— Required action —
Below are entries; repeat exactly, and nothing else, the lines from the one holding "Lip liner colors" through the one holding "Vintage Digital Water", inclusive. Leave the pictures out.

— Information provided —

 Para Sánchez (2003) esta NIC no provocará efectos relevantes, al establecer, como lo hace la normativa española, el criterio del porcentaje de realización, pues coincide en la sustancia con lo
...
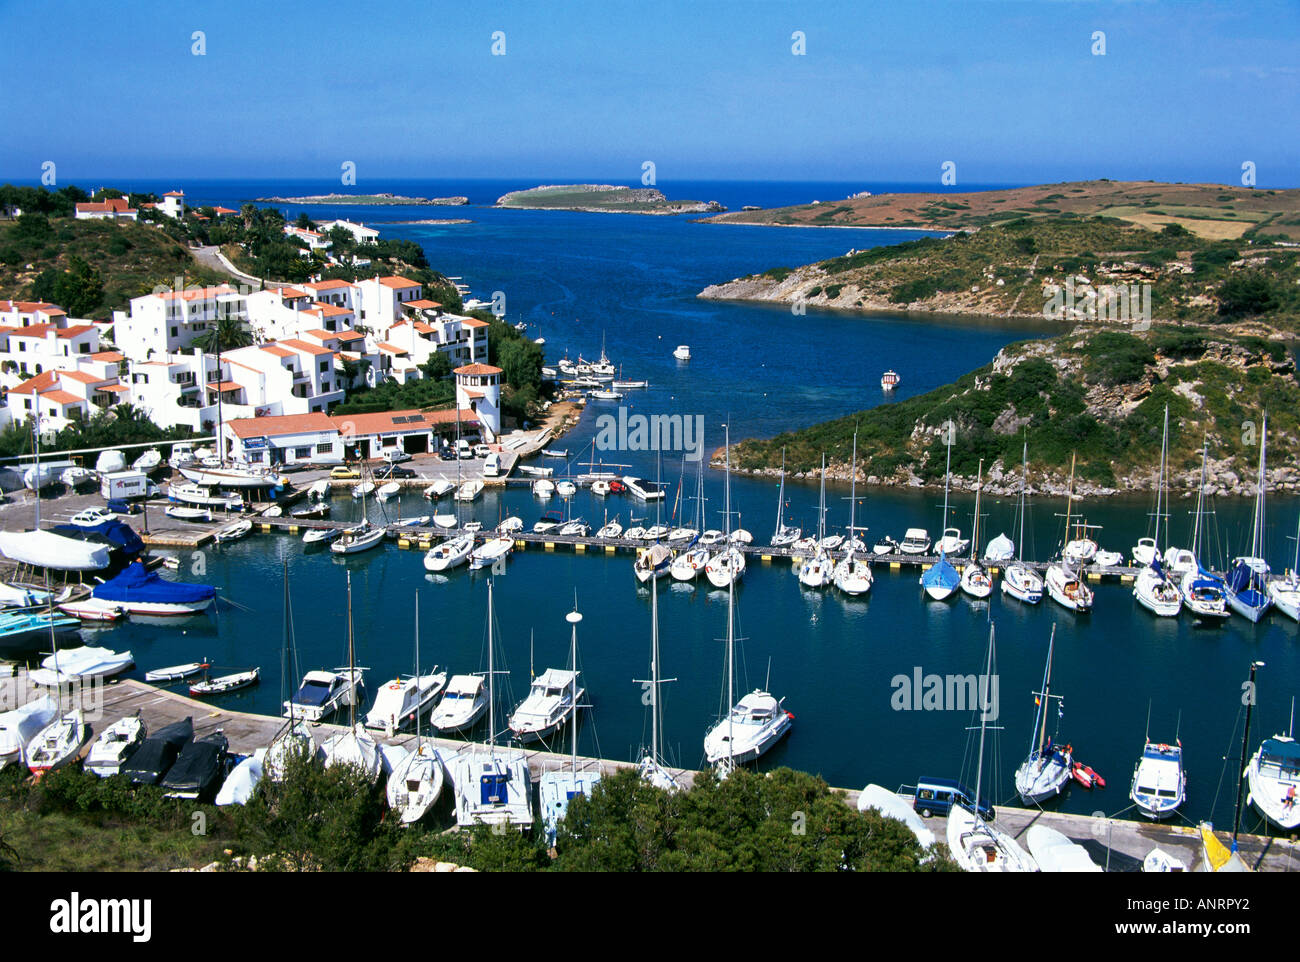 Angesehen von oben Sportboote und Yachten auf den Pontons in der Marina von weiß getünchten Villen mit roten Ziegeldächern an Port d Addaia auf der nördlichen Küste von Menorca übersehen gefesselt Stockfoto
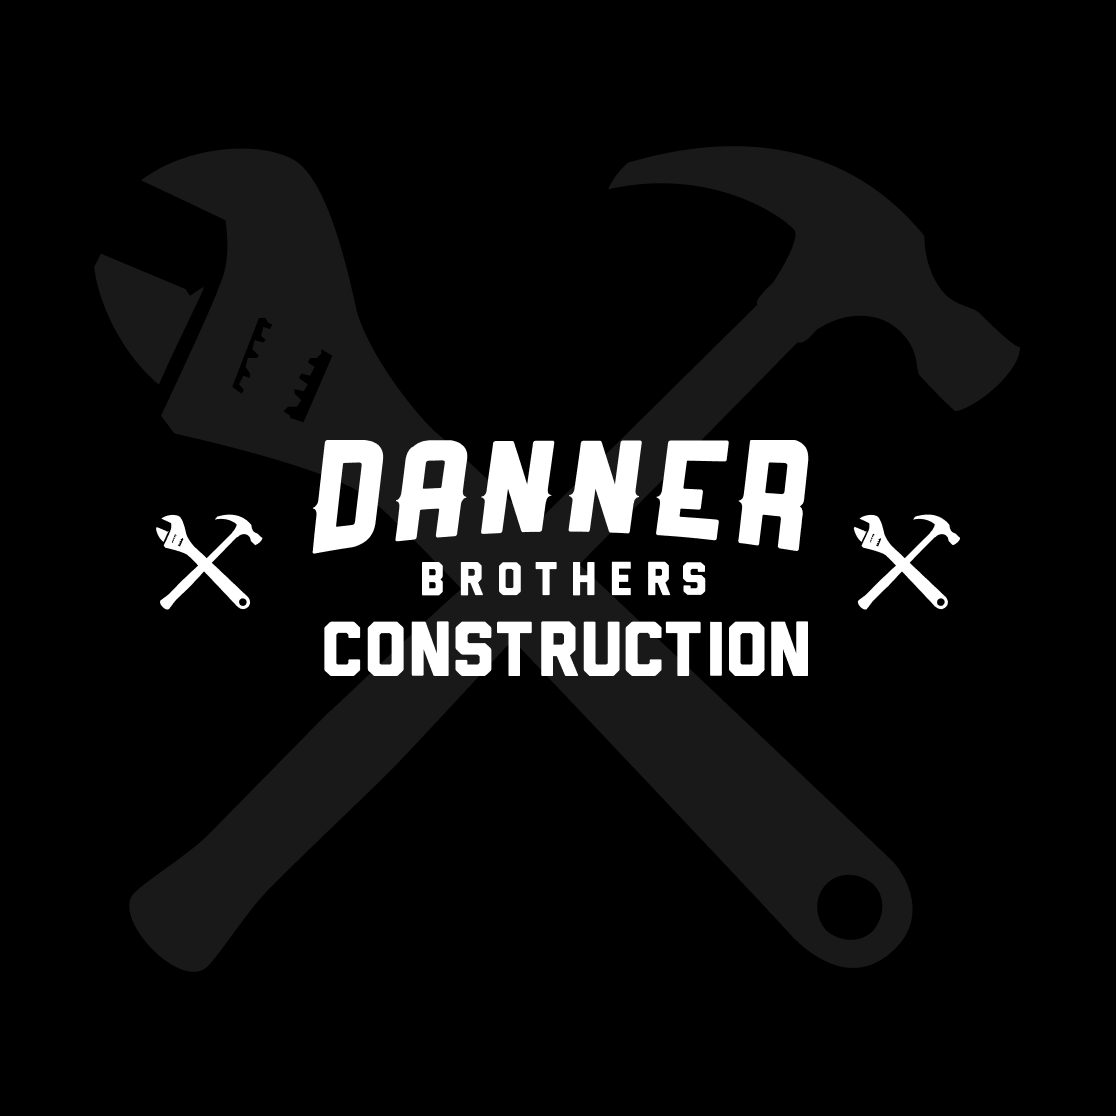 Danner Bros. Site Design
==
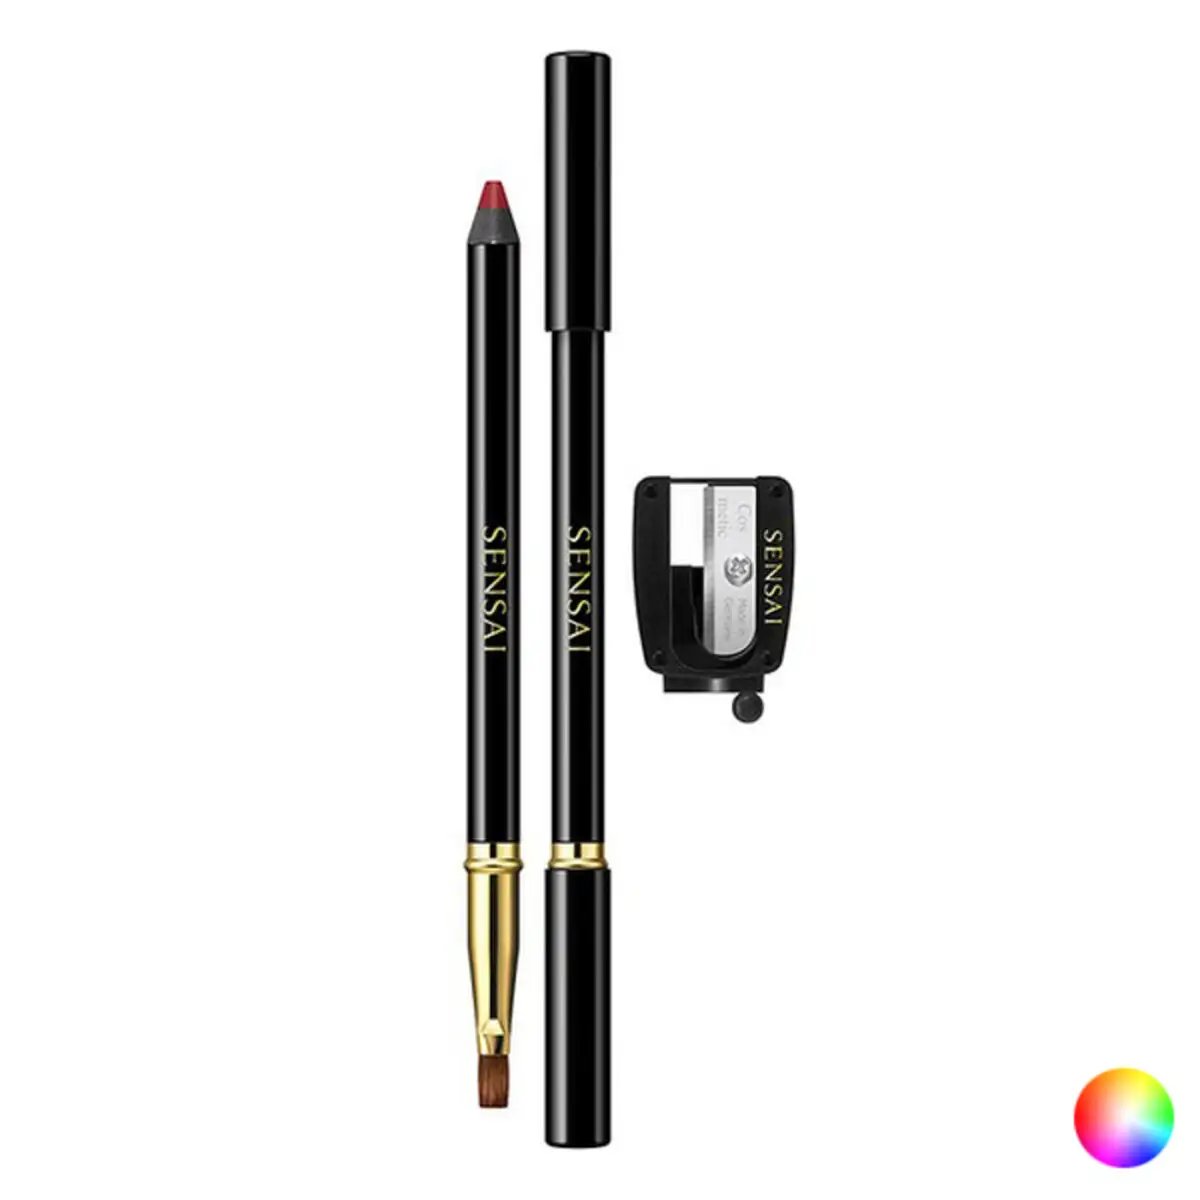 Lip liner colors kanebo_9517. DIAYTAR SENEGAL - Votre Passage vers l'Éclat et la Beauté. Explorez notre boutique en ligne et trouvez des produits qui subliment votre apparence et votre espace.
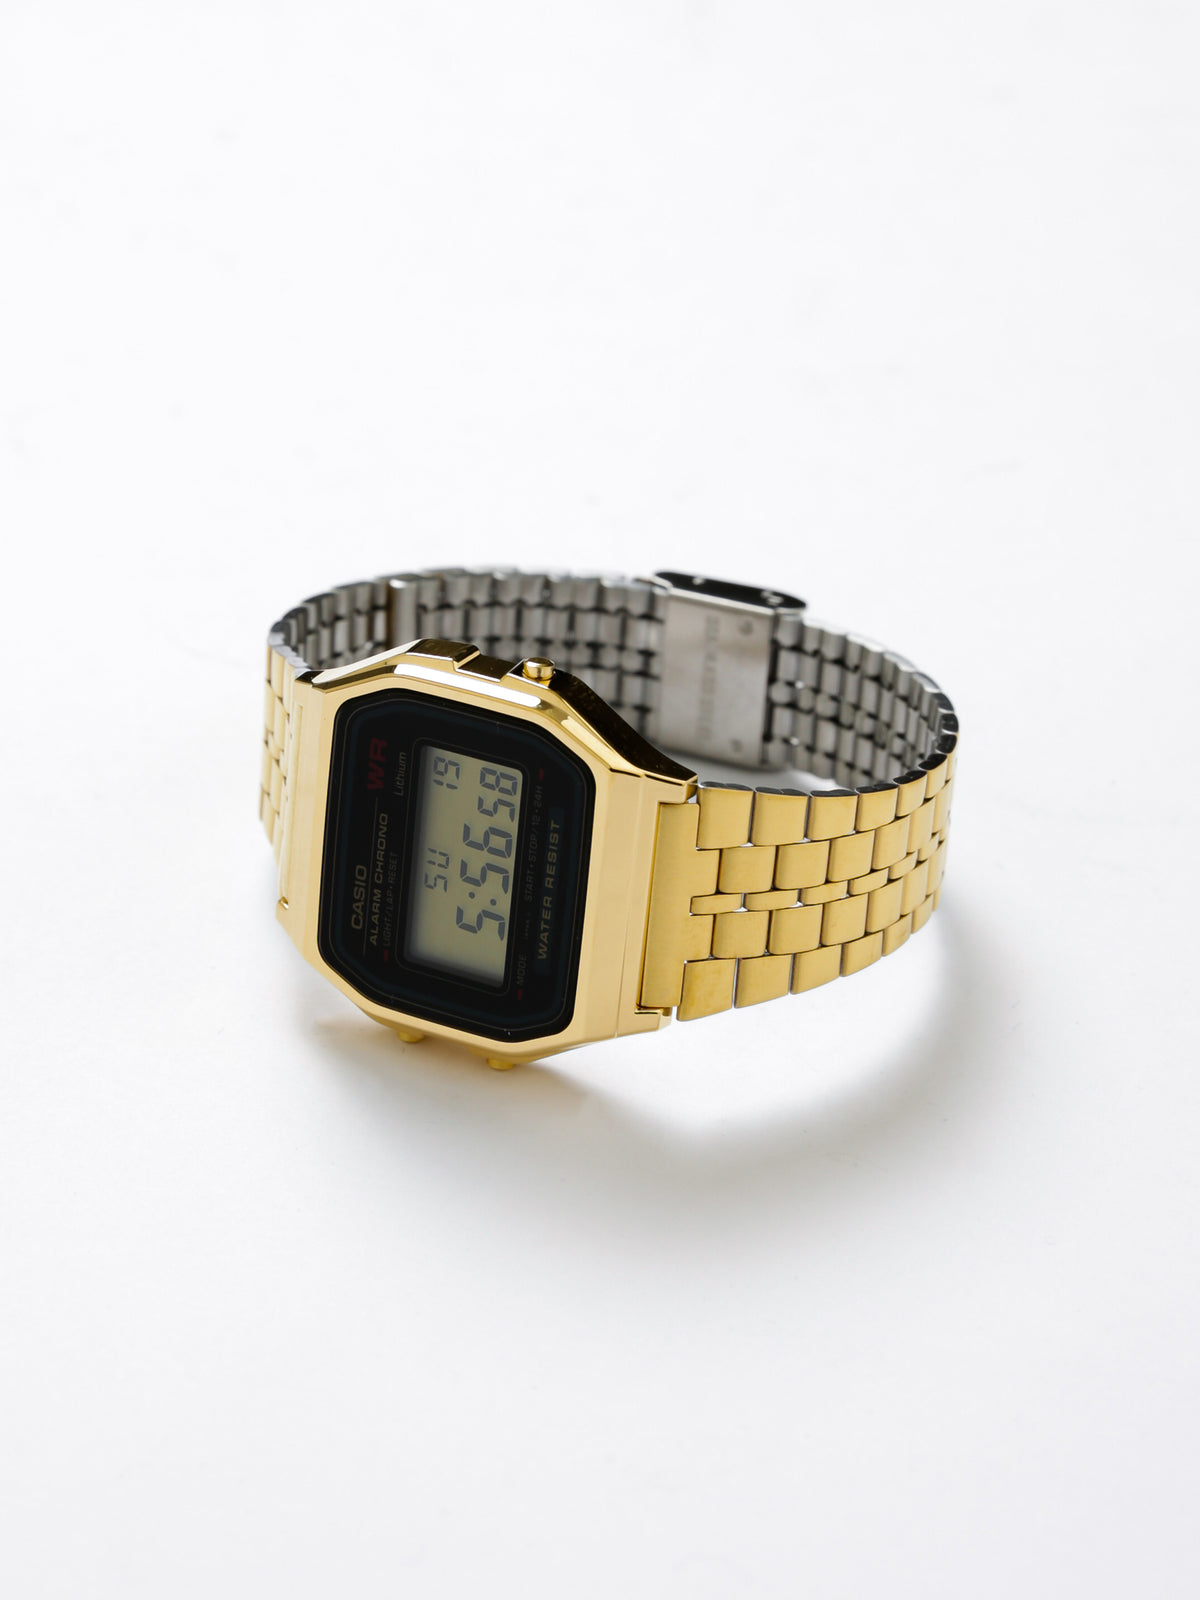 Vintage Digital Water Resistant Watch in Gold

— Exercise solution —
 Lip liner colors kanebo_9517. DIAYTAR SENEGAL - Votre Passage vers l'Éclat et la Beauté. Explorez notre boutique en ligne et trouvez des produits qui subliment votre apparence et votre espace.
 Vintage Digital Water Resistant Watch in Gold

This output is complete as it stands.